Women in Kilambo, near Lukweti, attempt to flee nearby fighting in October 2009. The women were robbed by Congolese army soldiers who forced them to turn back.

© 2009 Human Rights Watch

After years of our advocacy on ending rape as a weapon of war, we were proud to see the Security Council vote to create a senior position dedicated to ending sexual violence in armed conflict.

The groundwork was laid in June 2008, when the Security Council passed a resolution identifying rape during war as a problem in need of special attention and resources. For the last two years, we worked to create a climate in which the United Nations would be compelled to act. We met repeatedly with Bush administration officials to persuade them to take leadership on this issue. We distributed press releases, disseminated The Greatest Silence, a powerful film on the subject, and supported women’s groups worldwide to exert pressure on the Security Council.

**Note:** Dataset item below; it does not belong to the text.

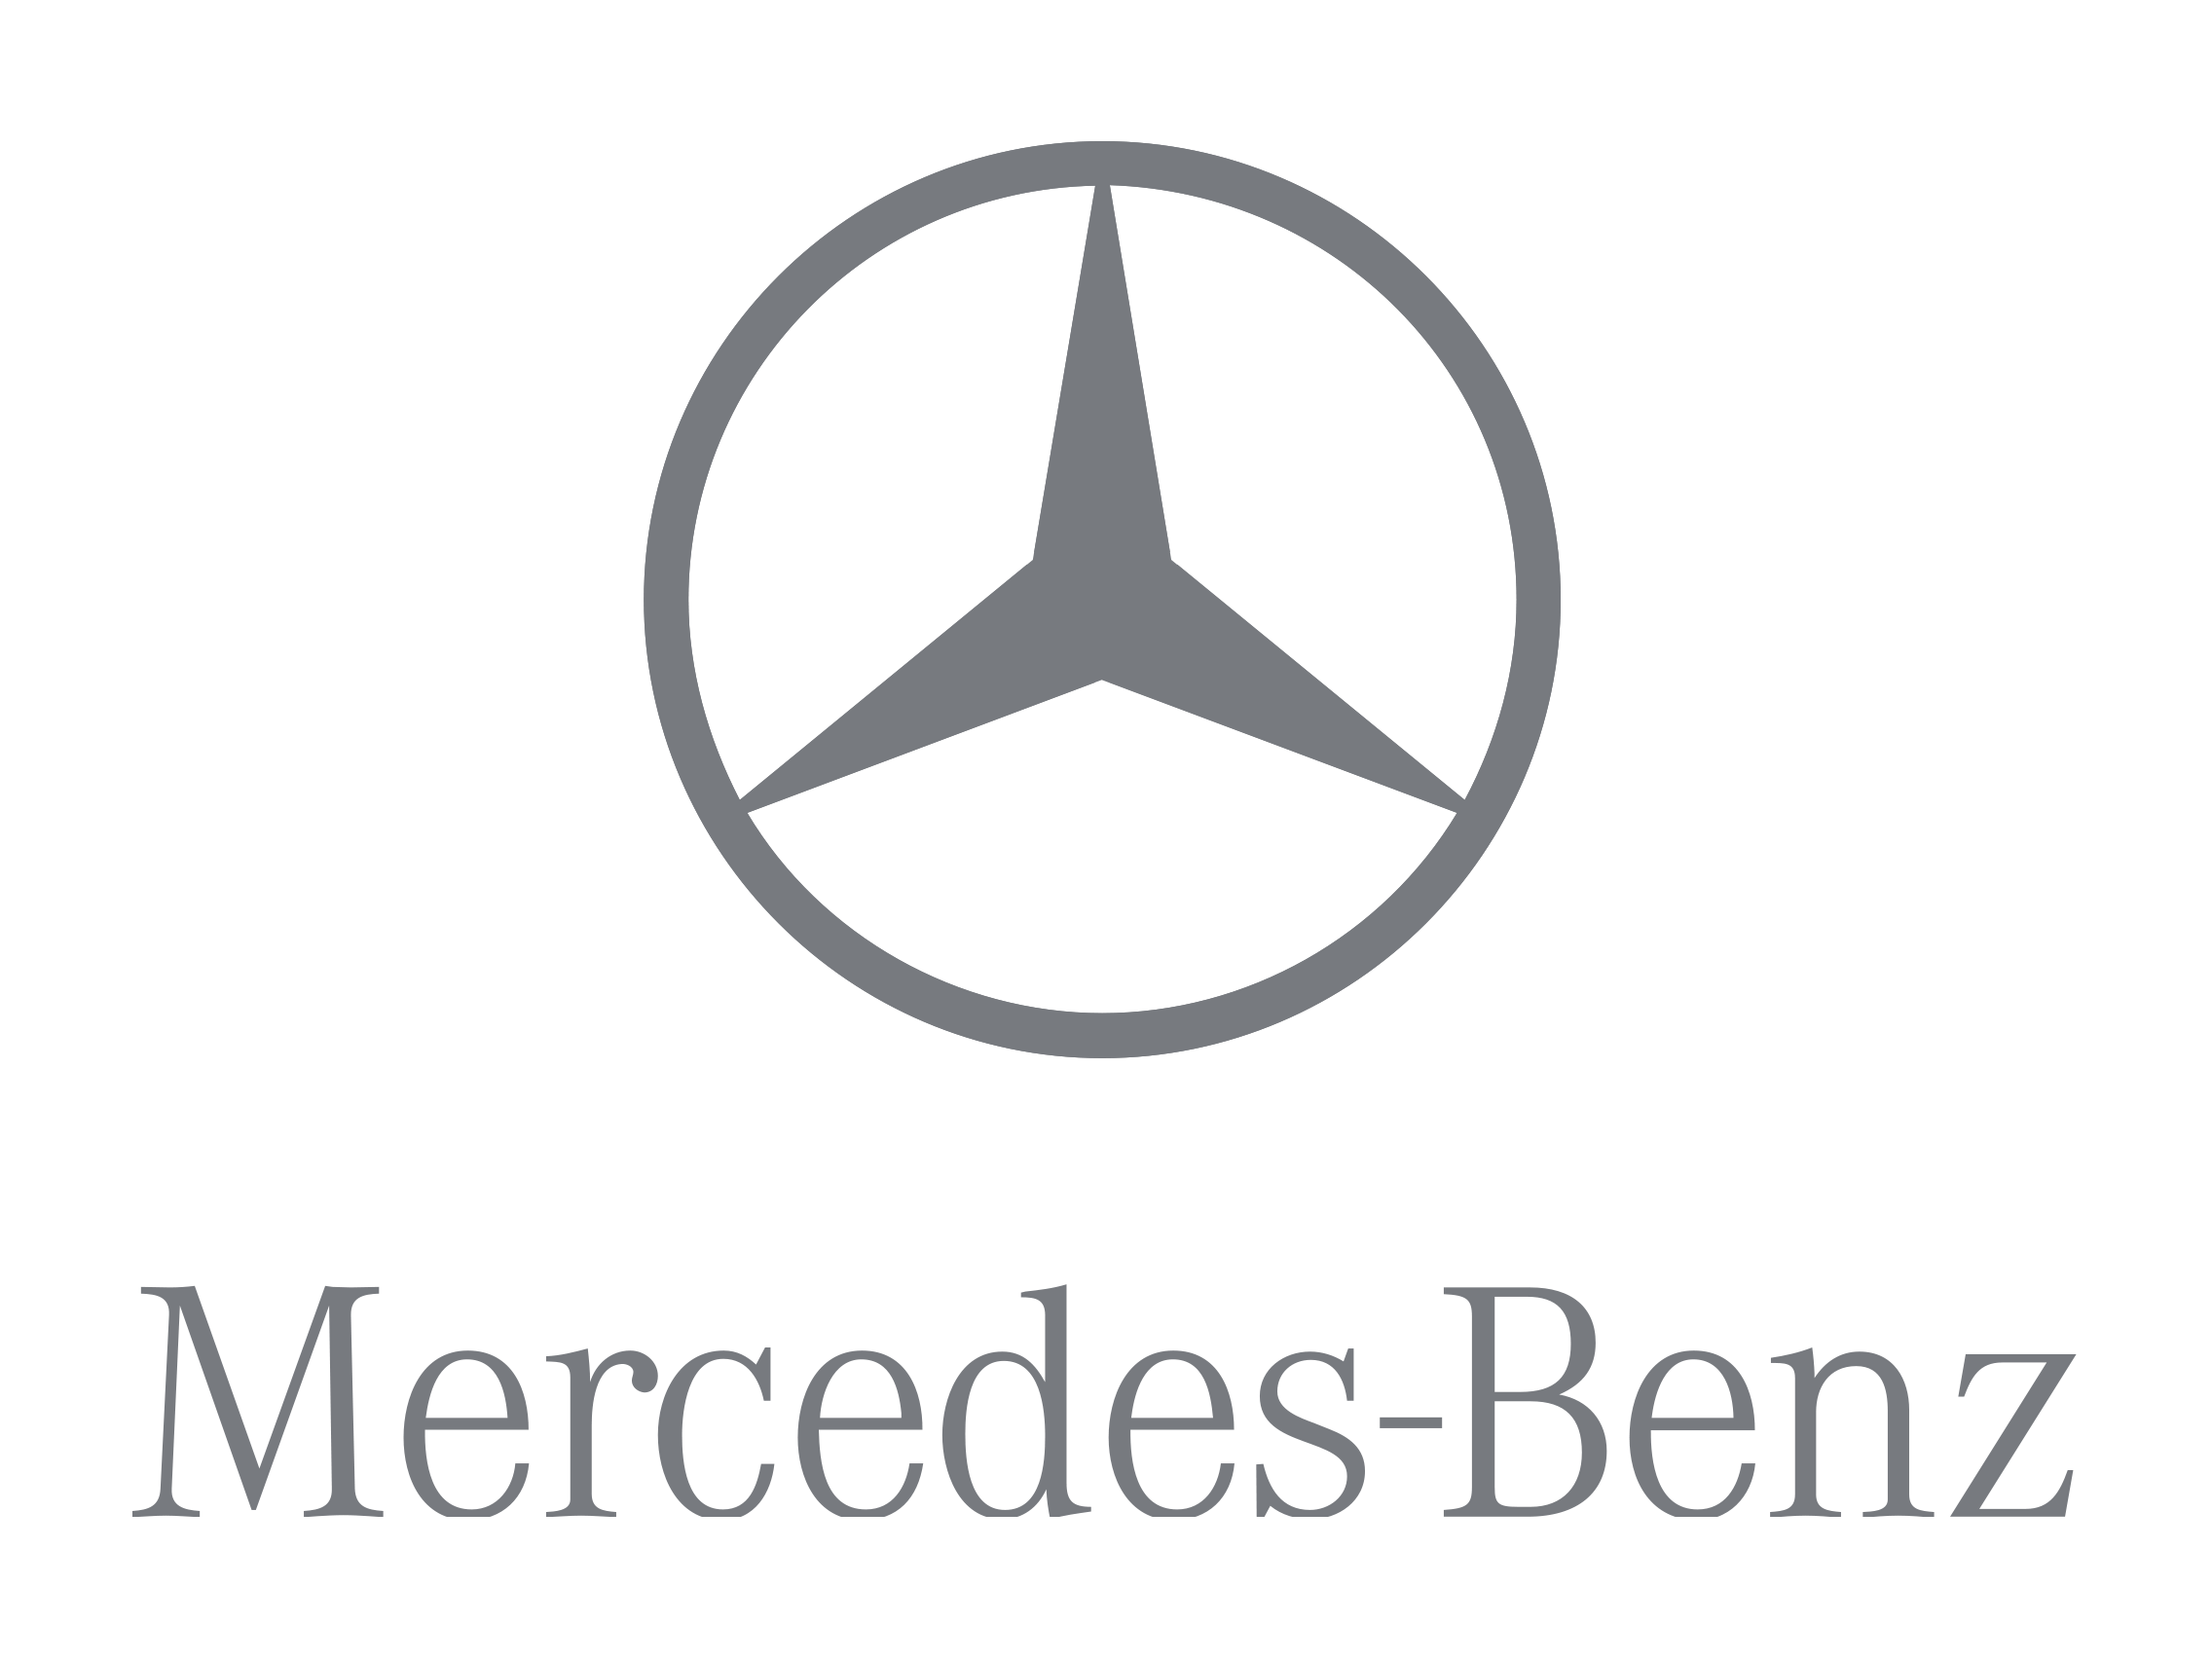 MORE. Array. Use Mercedes-Benz Logo PNG -MORE. Array. Use Mercedes-Benz Logo PNG Clipart ClipartLook.com -14

Following the June 2008 vote, we intensified pressure on Security Council members to stand behind their vow and commit resources to stopping sexual violence in war. In the end, no country wanted to be seen as not taking sexual violence seriously, and the Security Council passed Resolution 1888, which provides for the senior position dedicated to ending rape in war. The resolution marks a huge step forward in protecting women during wartime. We are now pressing the secretary-general to fill the post soon, by early 2010.